Act 4 included the mains.
- The water of dry tomatoes (2011):
Another deconstruction and the white “snow” were shavings of frozen tomato essence and there were also pieces of tomato at the bottom of the bowl. Pretty good!
- Cuba libre de Foie Gras with lemon granité and rocket (2001):
A gel of lemon, cola and rum emulsified with Foie Gras. Served with a brioche.
- The haze (2003):
The “haze” in this dish was made of Liquid Nitrogen (LN2) and was meant to add an illusion of fog in the forest. The “forest content” was a compilation of mushrooms, peas and pork served over pine and aromatic moss.
- Protein of oyster:
- Red king prawns from Dénia, just boiled. Tea of chards:
Prawns are a real specialty of Dénia (the region were the restaurant is located). Wrapped in red cellophane were two large Dénia prawns, which were served together with a cup of prawn stock (that were supposed to be drunk). Really good!
- Red mullet with incrustation of its guts and eucalyptus (2011)
This fish was according to my taste buds a true winner!
- Rice “Sénia” ashes (2008):
Sénia rice with braised pigeon, chanterelle mushrooms and smoked black truffles. One of my high-lights this dinner!
5º Act: Desserts.
- Citrus field (2005):
Various citrus served on a bed of dehydrated citrus “sand” and accompanied by flowers.
- Milk (2009):
6º Act: The magic box:
- Crocante of almonds, Truffle of rum, Gold stone:
Before the box was opened, it was shaken. Opened, some “magic” flavorsome aromas flow out of the box and its contents (crocante of almonds, truffle of rum and Gold stone) were also really good.

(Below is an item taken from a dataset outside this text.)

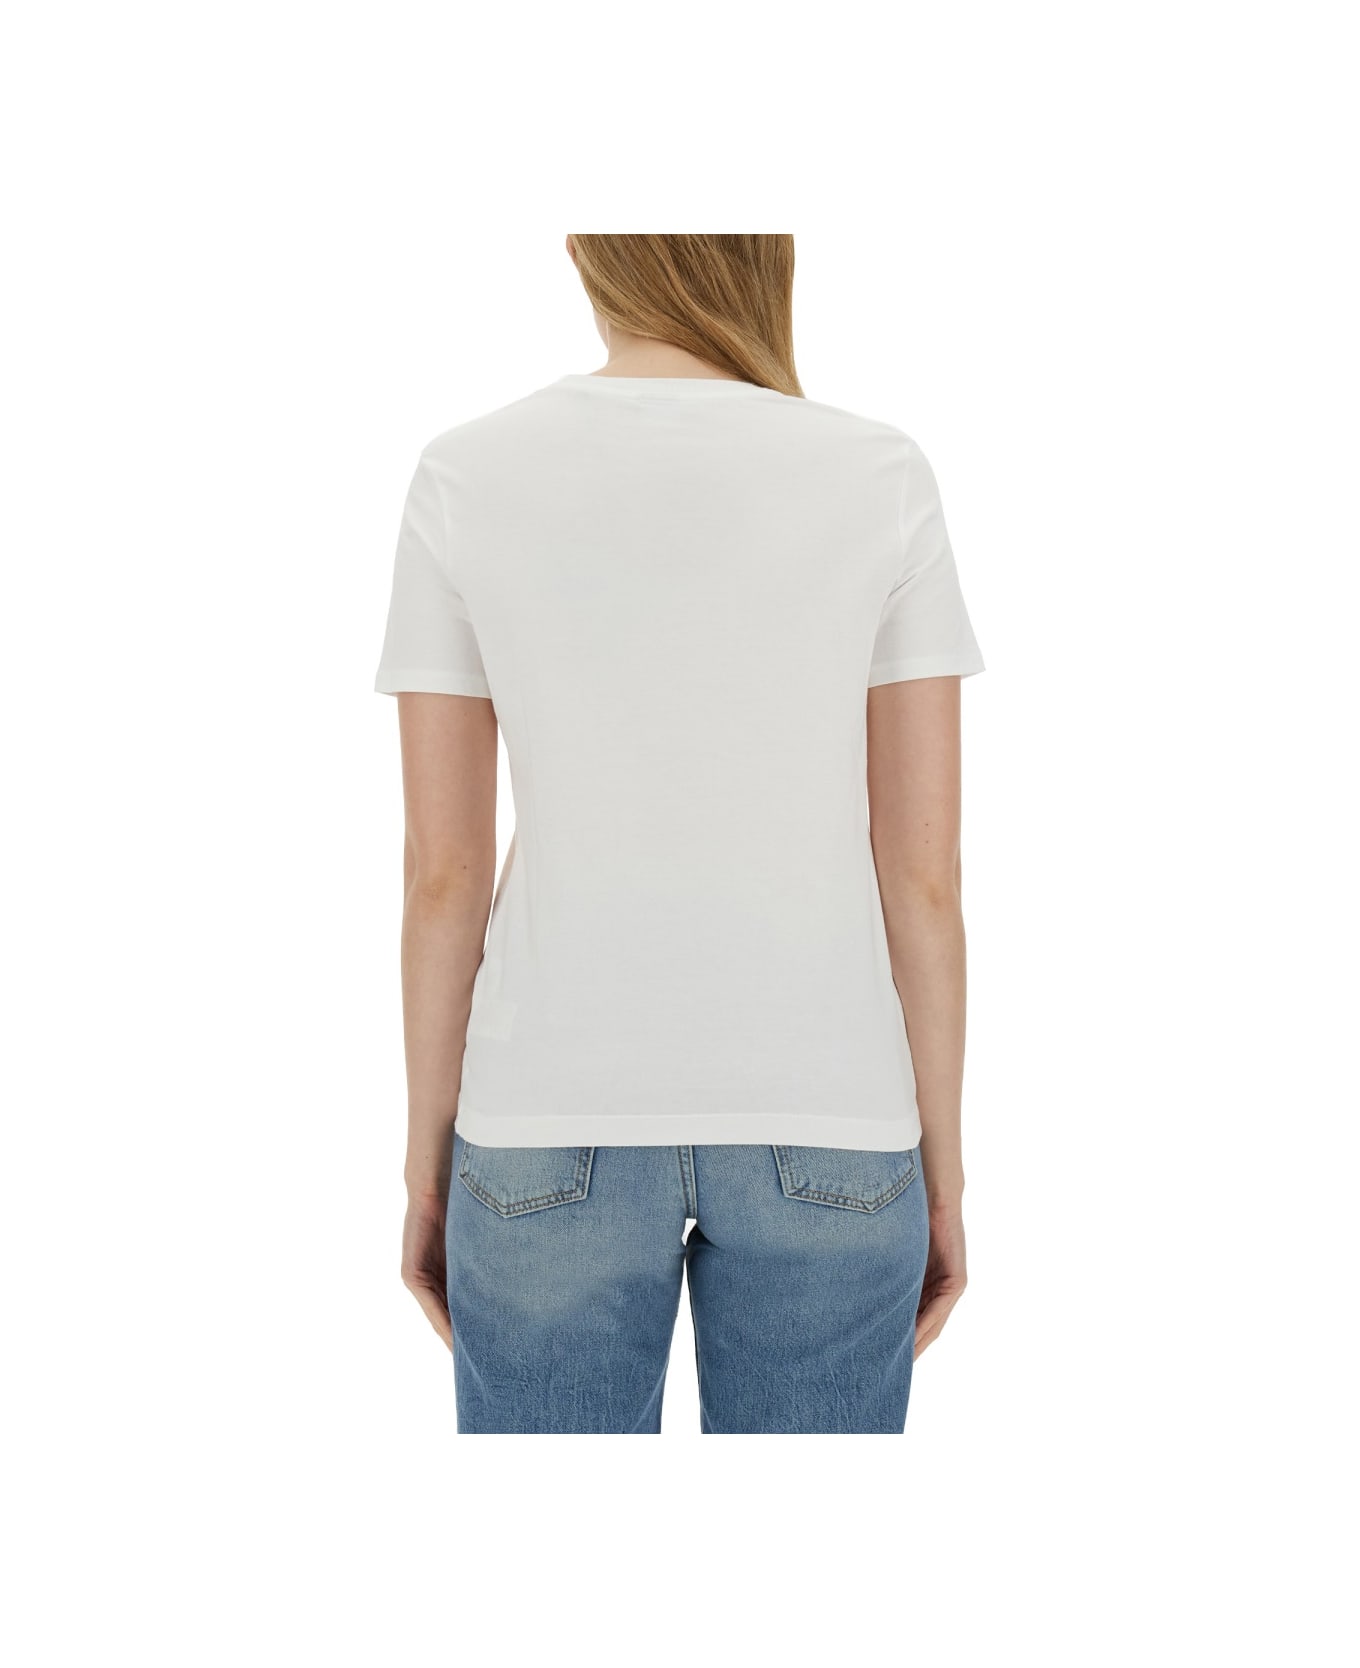 PS by Paul Smith Daisy T-shirt - WHITE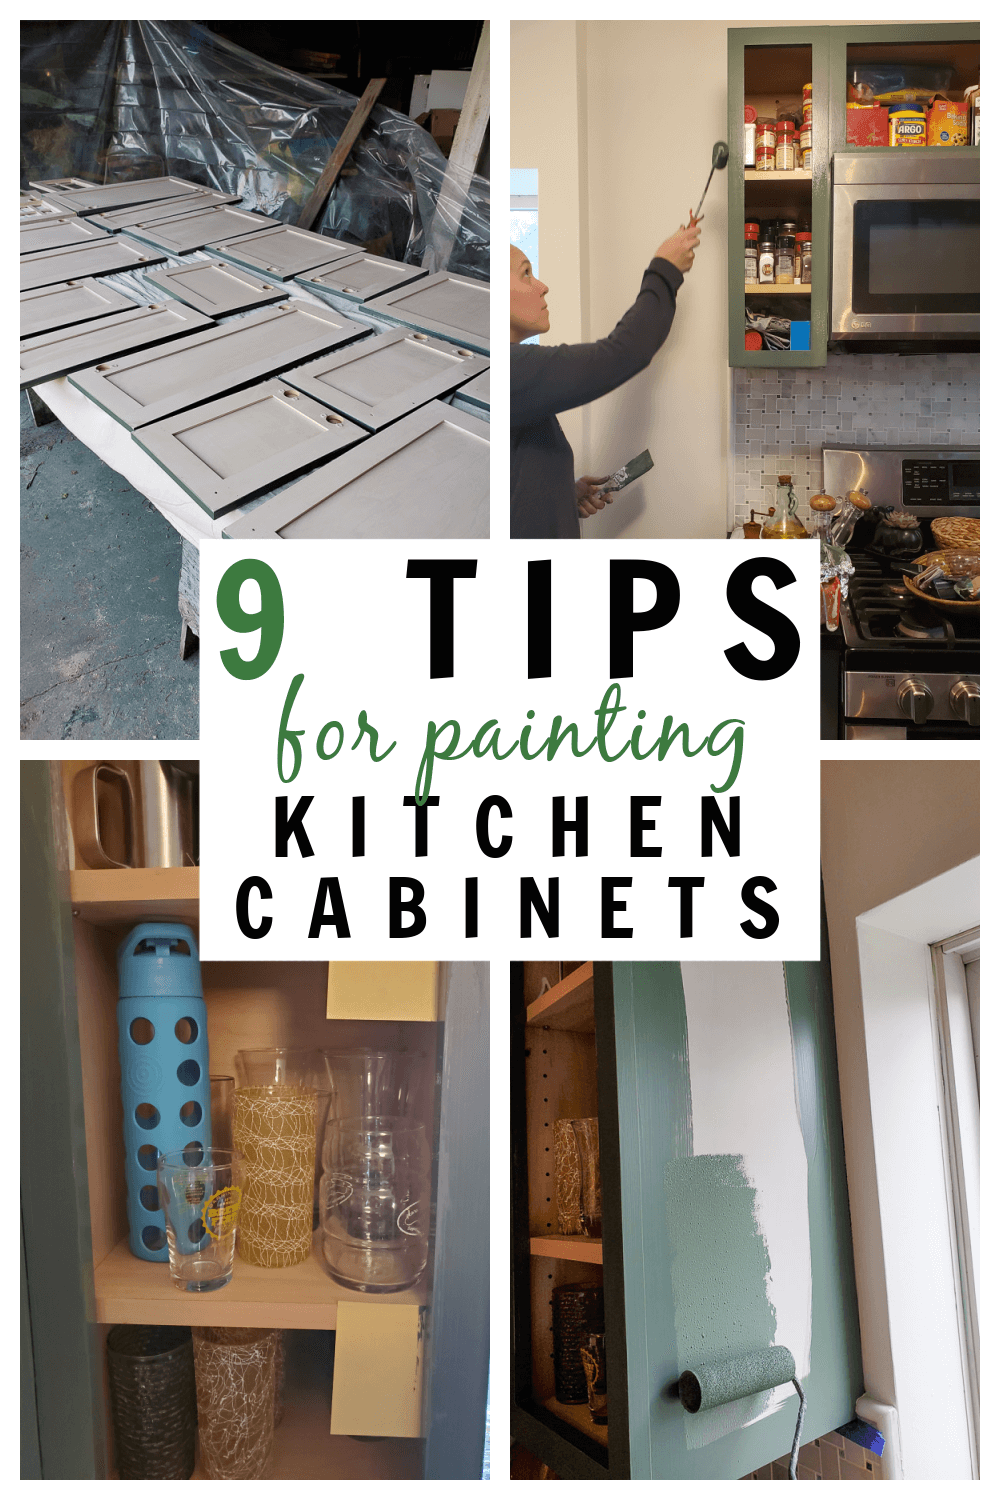 https://refreshliving.us/wp-content/uploads/2021/01/how-to-paint-kitchen-cabinets-9-tips-and-tricks-to-read-before-painting-cabinets-1.png

In summary: a very creative avant-garde restaurant with good service. I am not always 100% keen in regards to “too much” avant-garde cooking but at Dacosta it made sense and I enjoyed most of the food. From my perspective, I have eaten “better” food, that is food that I think tastes better and have even better flavor combinations (e.g. Frantzén, Le Calandre and Victor’s) but that said, I consider Quique Dacosta a top notch restaurant. Also, it is a fun and interesting restaurant to visit, maybe one of the more entertaining ones I have visited.
One thing I lacked is that Mr. Dacosta did not seem to be present in the restaurant; maybe he was, like many other “high-profile” chefs, out travelling on other engagements than cooking in his own restaurant (I do not know). Also, it would have been interesting to visit the kitchen and the wine cellar but the dinner was not finished until roughly 01:30 so I guess it was a little bit late to ask about this (in some restaurants they invite you to do this…). In all: highly recommended!